Aim of the exercise:
Please reproduce all the data exactly as written and omit the pictures.

Recorded data:
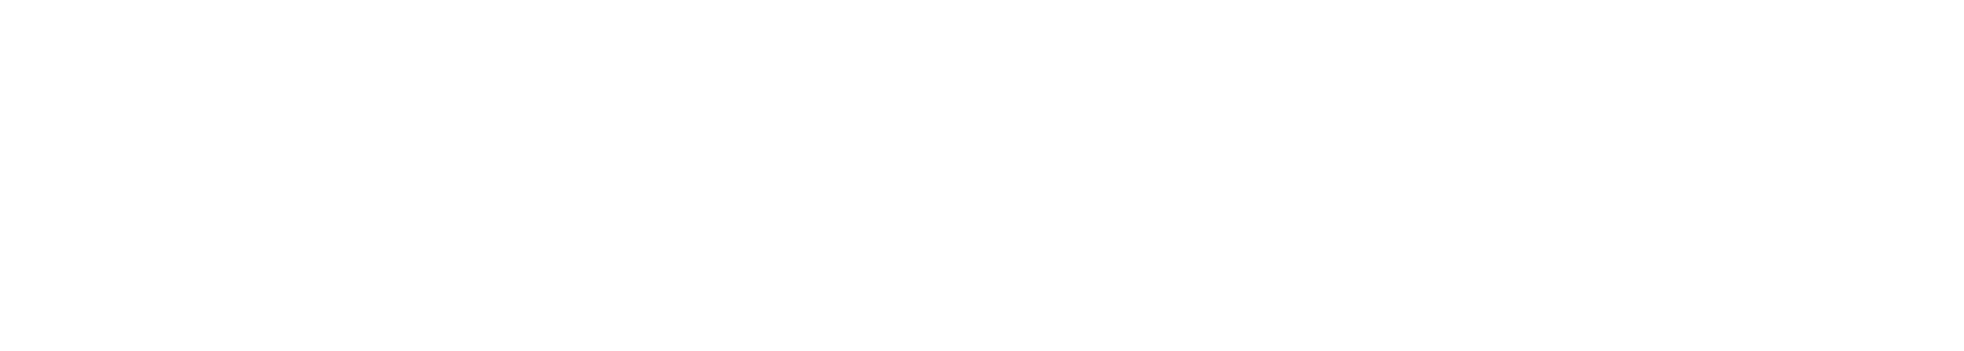 Gan Eden Media Logo Text
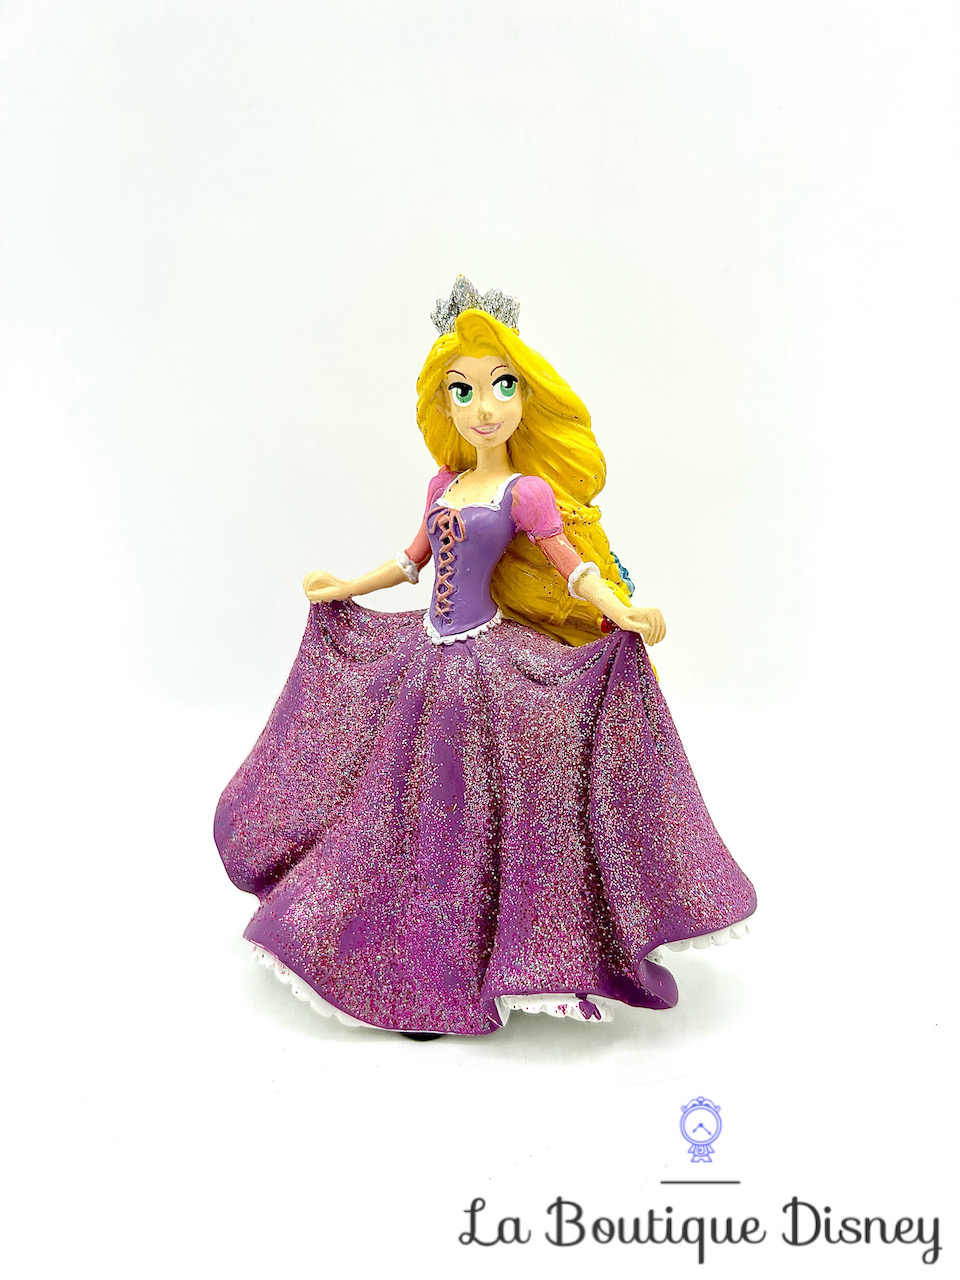 Figurine résine Raiponce Disneyland Paris Disney princesse paillettes robe violet 10 cm
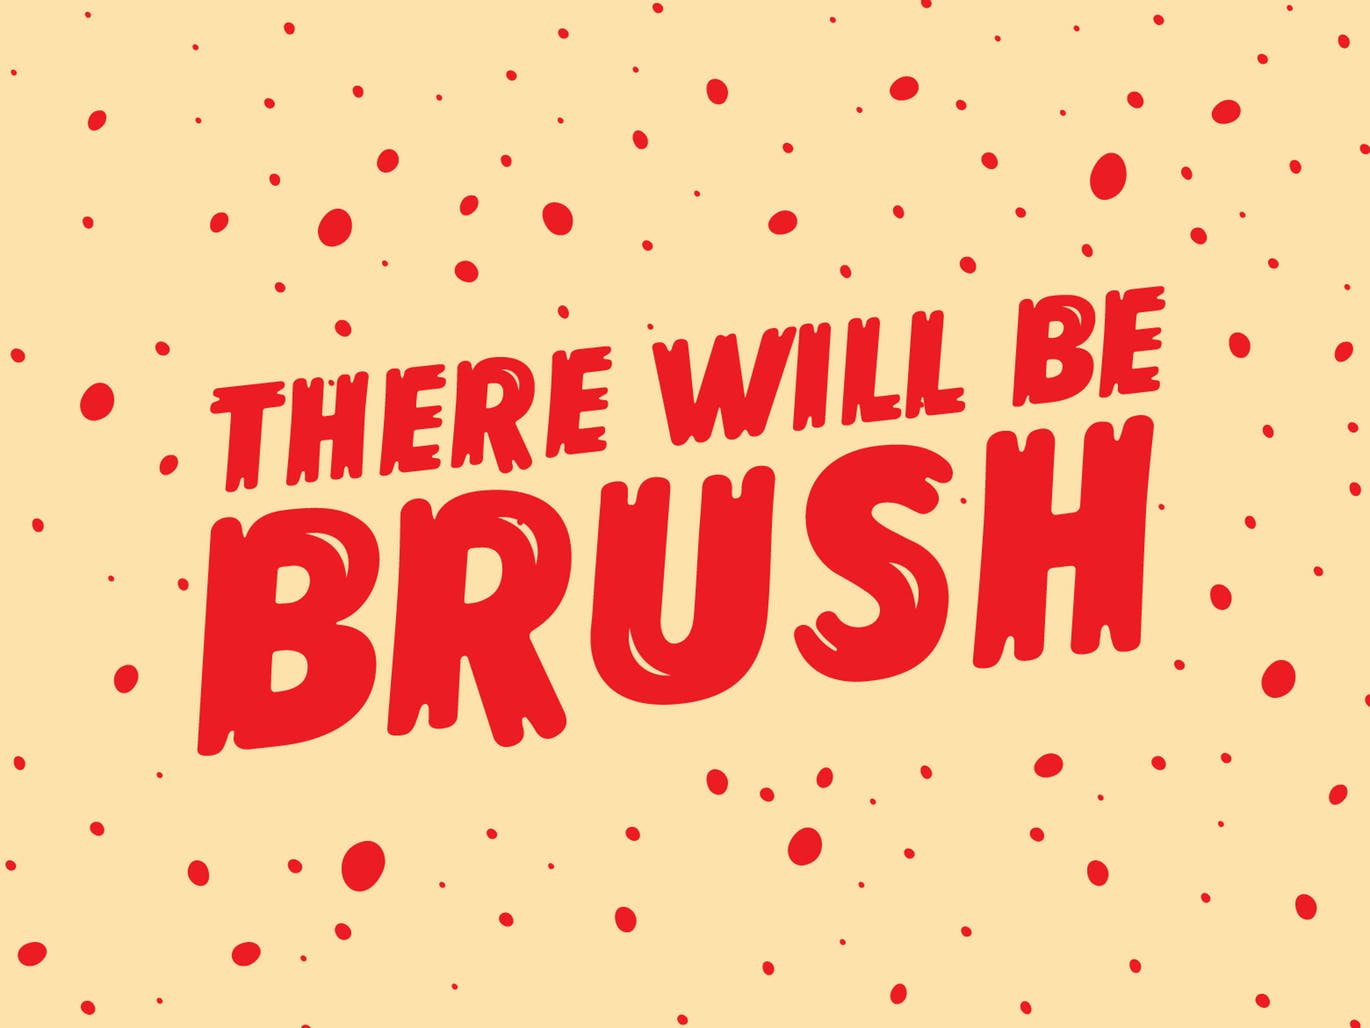 复古丹麦电影海报设计英文笔刷字体 Lonkie Brush插图14
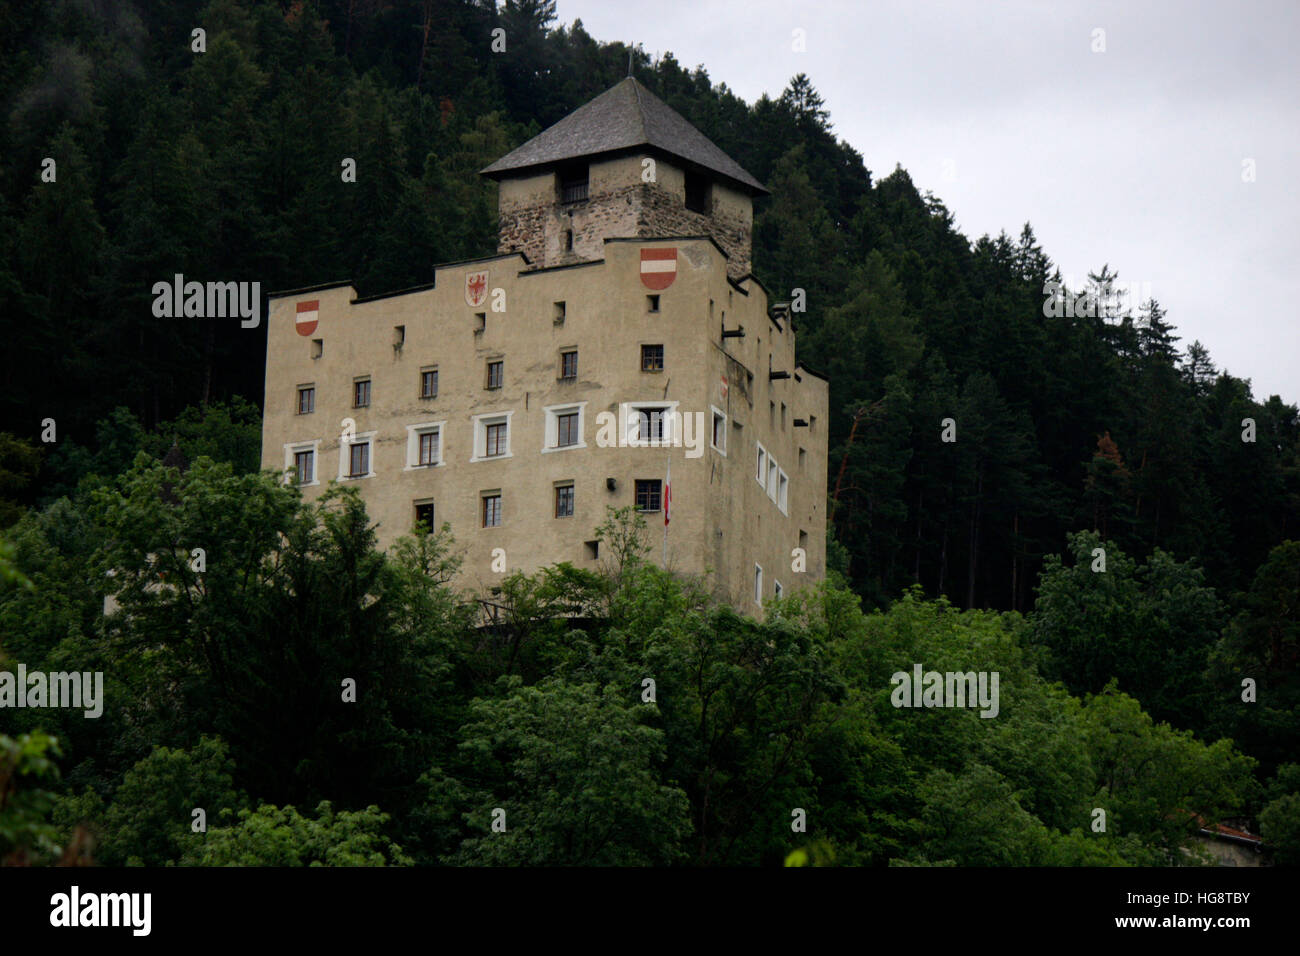 Burg von Landeck, Oesterreich. Stock Photo

Answer area:
 Gan Eden Media Logo Text
 Figurine résine Raiponce Disneyland Paris Disney princesse paillettes robe violet 10 cm
 复古丹麦电影海报设计英文笔刷字体 Lonkie Brush插图14
 Burg von Landeck, Oesterreich. Stock Photo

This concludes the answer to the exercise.